The Gondwanan tessellation included all or parts of three pentagons and six hexagons of the exact scale and arrangement of a truncated icosahedron at the Earth’s surface. One measure of this congruence is that the distance between the centers of the Antarctic and Central South American pentagons on the reconstruction exactly equals that between icosahedral vertices (60° or about 6600 km at Earth-scale).
The Gondwanan fractures were tensional cracks. Each fracture thus propagated orthogonally to the local horizontal principal tensile stress. Construction of the principal tensile stress direction at the midpoint of each fracture generates the icosadeltahedron, the dual polyhedron of the truncated icosahedron .
The edges of Gondwana appear to have acted as free surfaces that organized the stress tessellation.
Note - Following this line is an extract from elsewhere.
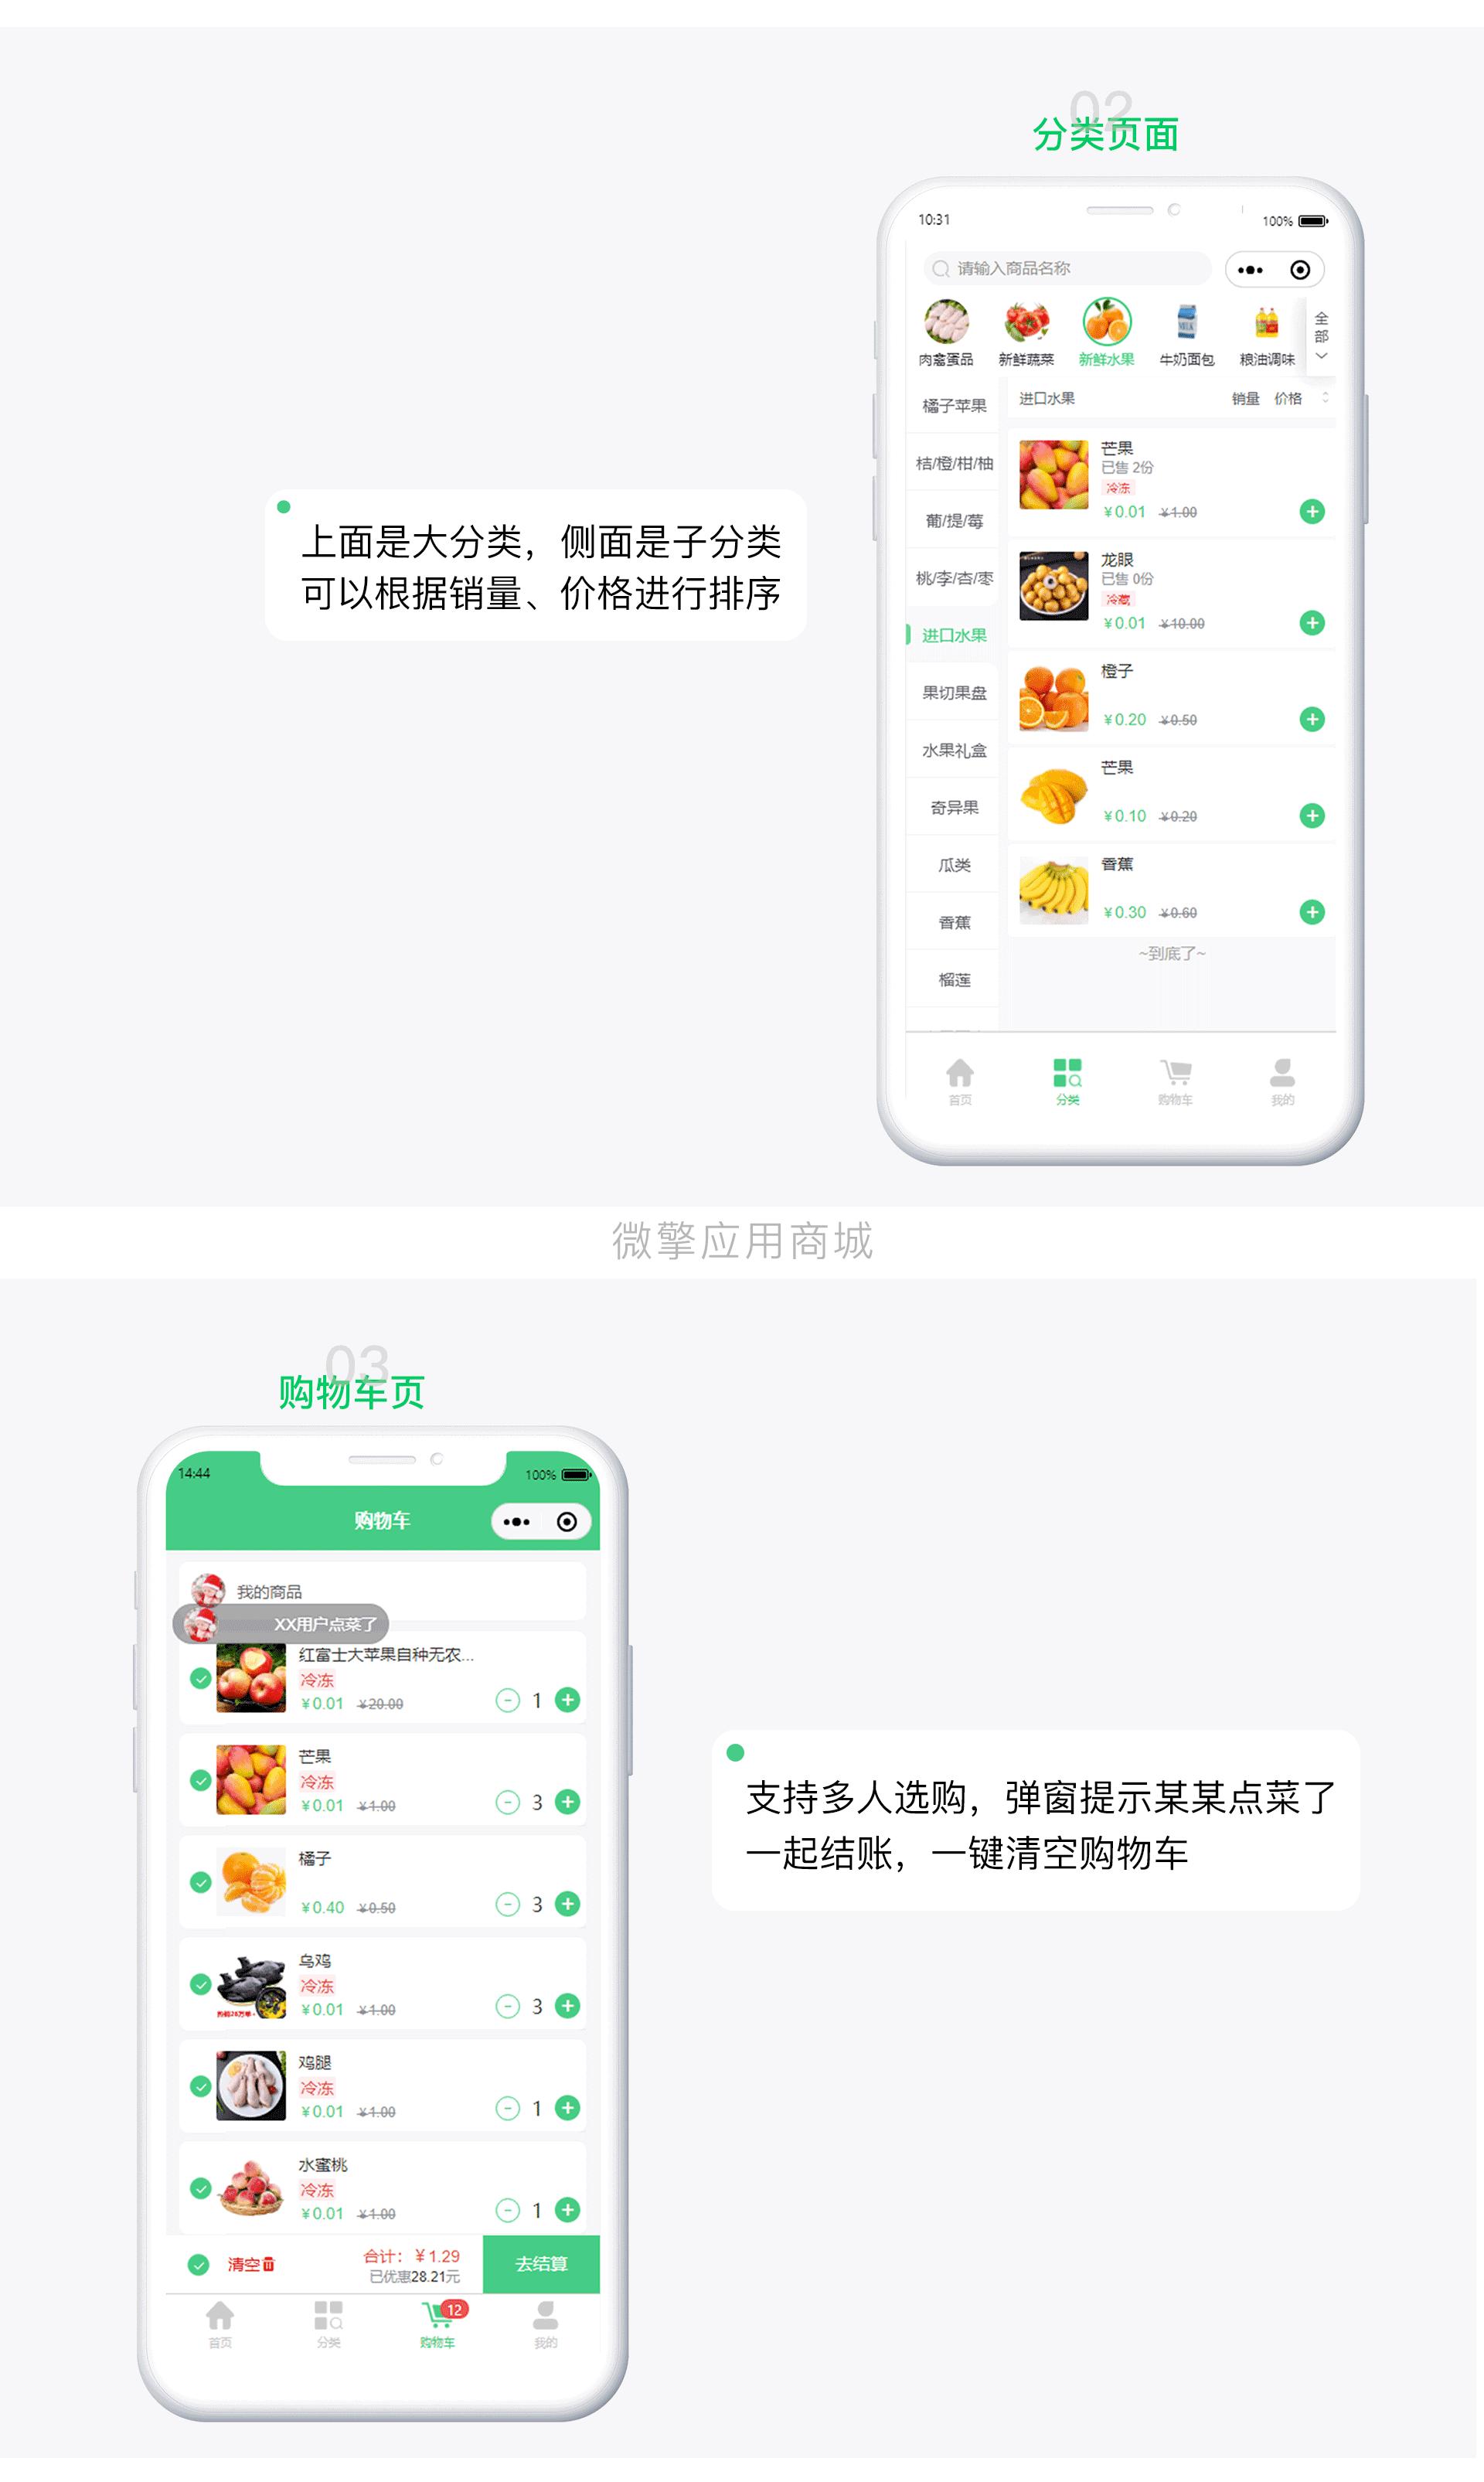 社区团购长图_02.png

Six edges of the stress tessellation coincided with the northern rim of Gondwana and parts of the Gondwanides trench margin.On the figure, heavy dashed lines are major fractures that define truncated icosahedral tessellation. Black pentagons at centers of central South America, Antarctica, and Arabia occupy vertices of exact icosahedral triangle (purple) at Earth-scale. Yellow stars are major hot spot volcanoes in modern co-ordinates (note lines of latitude and longitude). Gondwana is restored so that fracture tessellation best fits hot spot tessellation. Red areas are LIPs (Large Igneous Provinces) with eruption dates shown.